▸ **Records supplied**:
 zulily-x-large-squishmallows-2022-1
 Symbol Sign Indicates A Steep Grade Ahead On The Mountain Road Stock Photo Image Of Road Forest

--

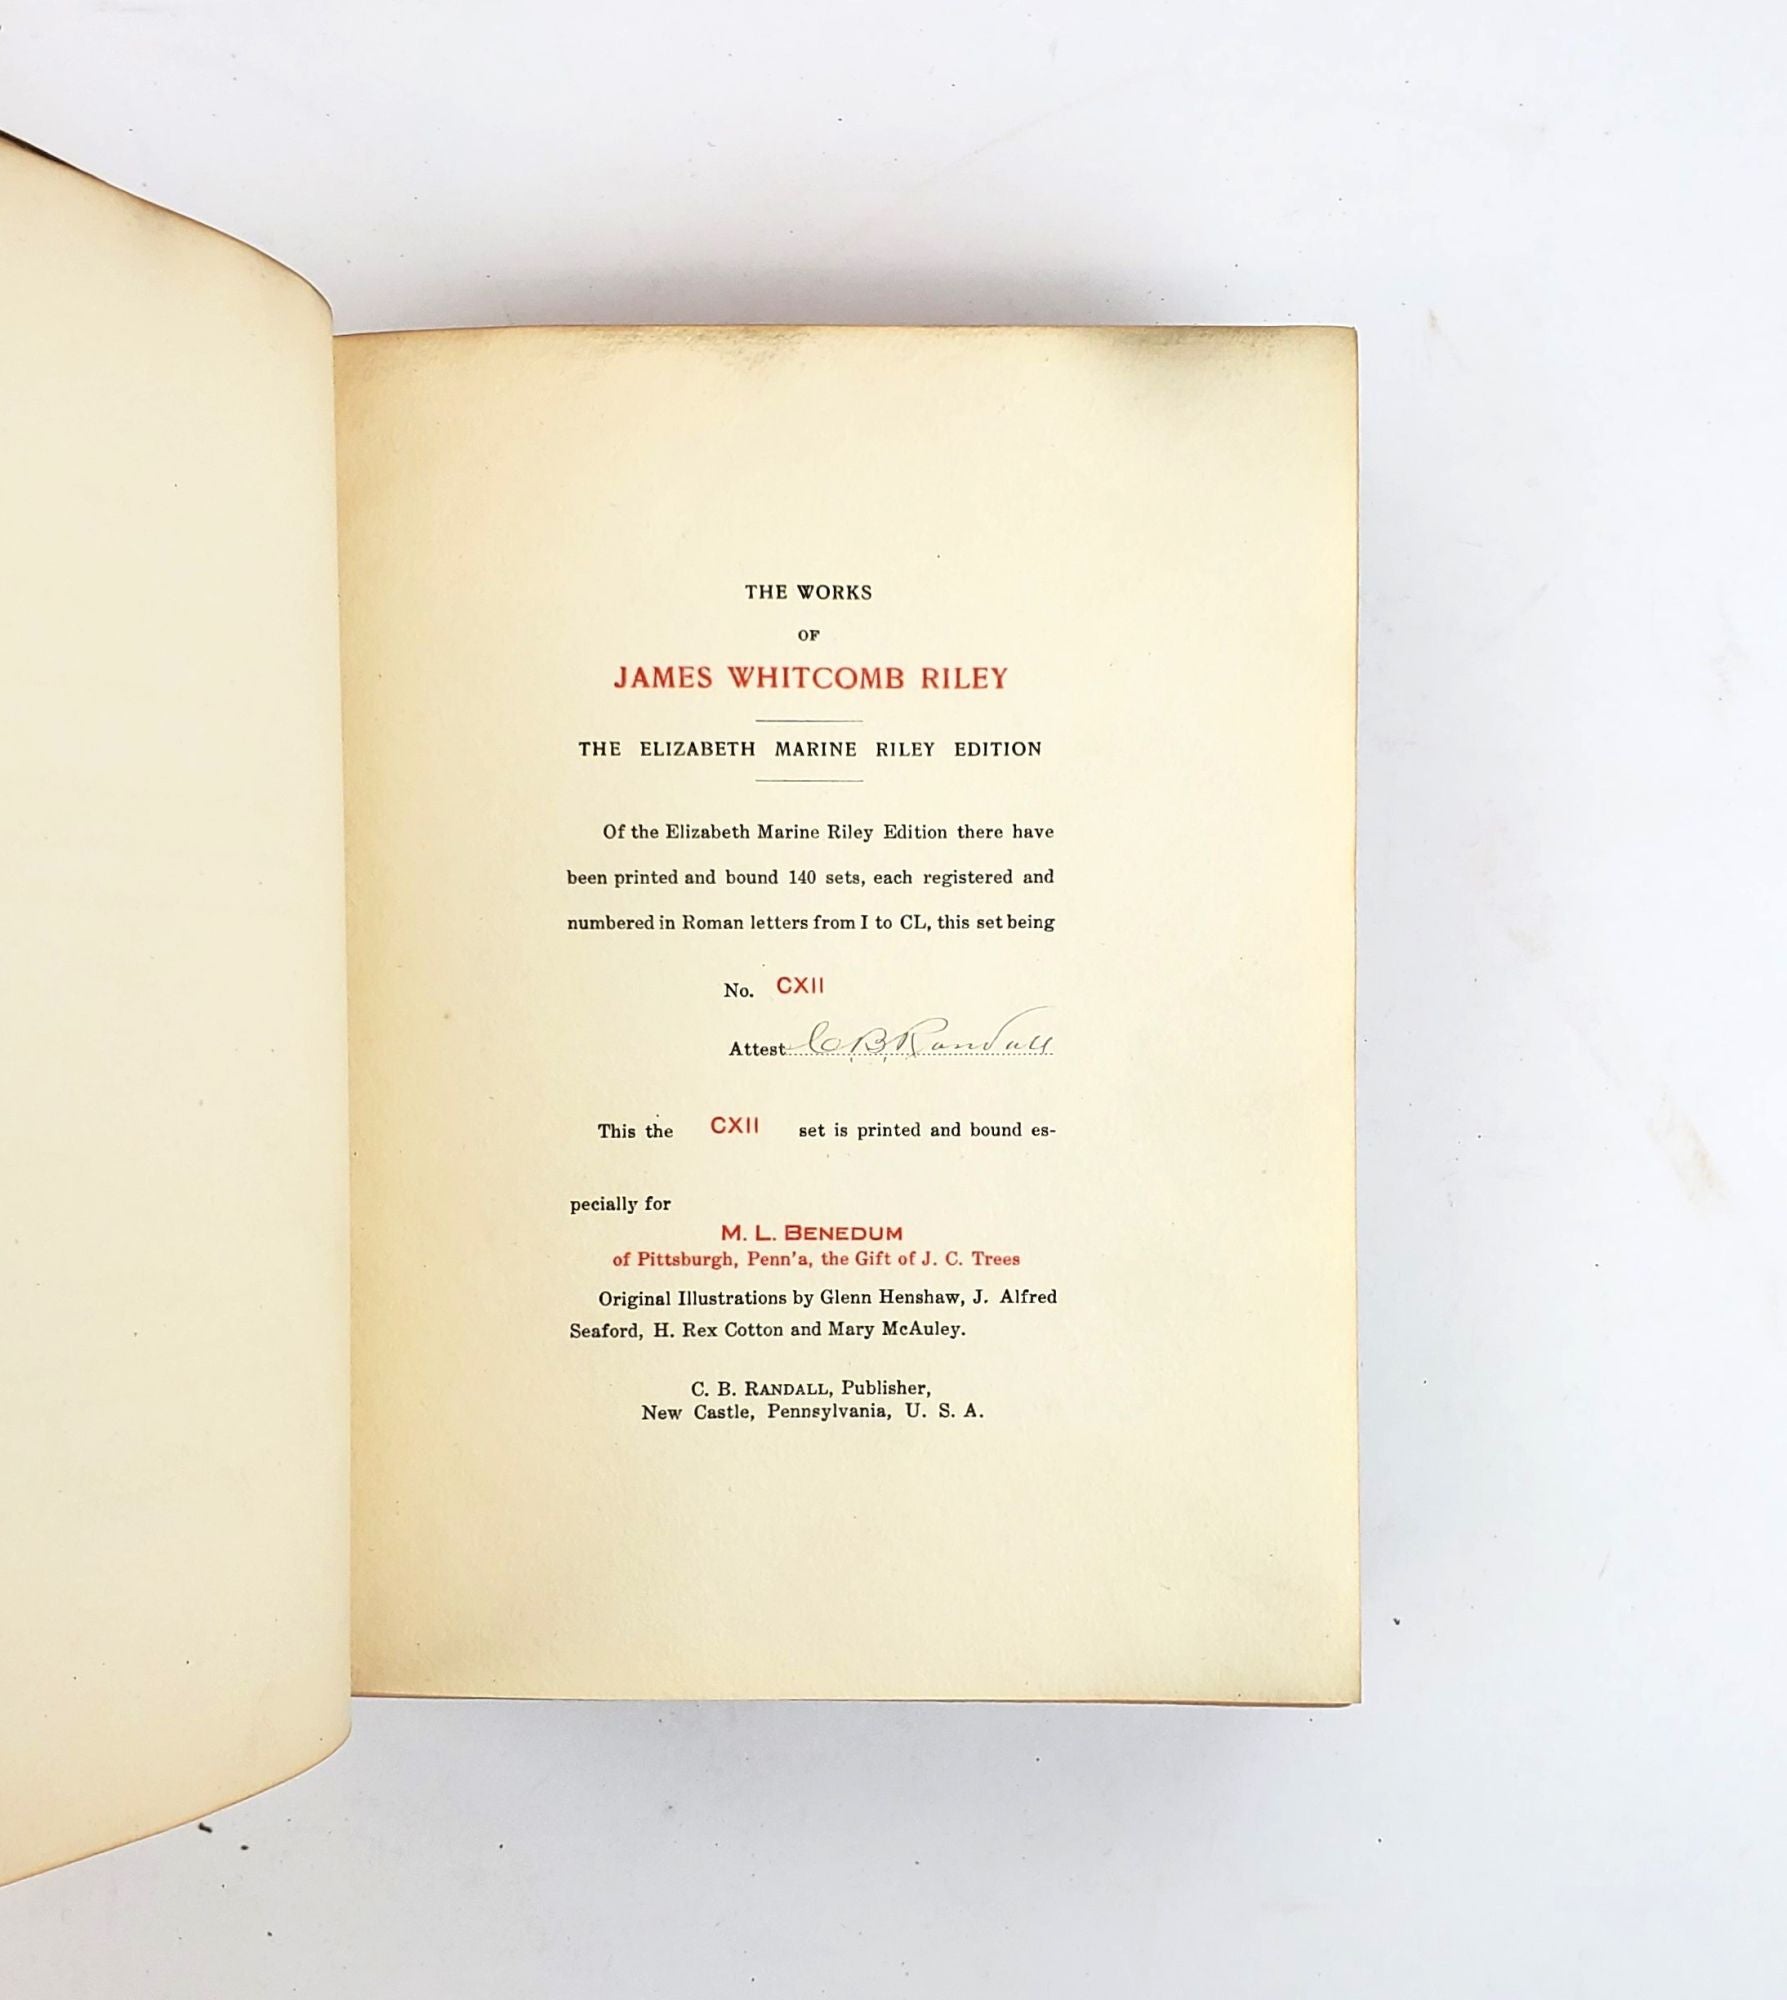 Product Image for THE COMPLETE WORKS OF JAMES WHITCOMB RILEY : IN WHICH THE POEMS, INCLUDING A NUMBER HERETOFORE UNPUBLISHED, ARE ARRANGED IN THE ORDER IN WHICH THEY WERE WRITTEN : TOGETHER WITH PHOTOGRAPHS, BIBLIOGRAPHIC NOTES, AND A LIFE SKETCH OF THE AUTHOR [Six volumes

* * *

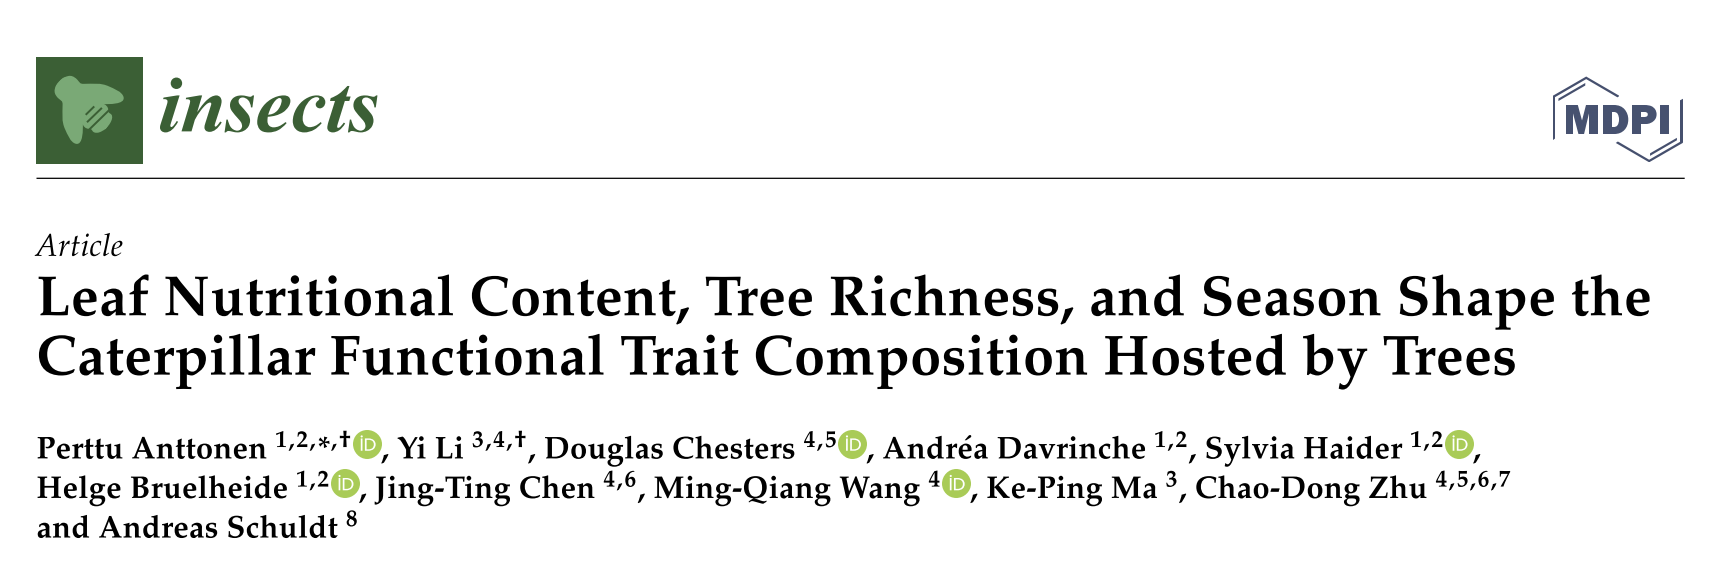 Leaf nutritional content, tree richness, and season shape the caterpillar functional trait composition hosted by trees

▸ **What needs to be done**: Take the listing above and repeat exactly the lines from the one containing "zulily-x-large-squishmallows-2022-1" through the one containing "Symbol Sign Indicates", both included.

▸ **Task response**:
 zulily-x-large-squishmallows-2022-1
 Symbol Sign Indicates A Steep Grade Ahead On The Mountain Road Stock Photo Image Of Road Forest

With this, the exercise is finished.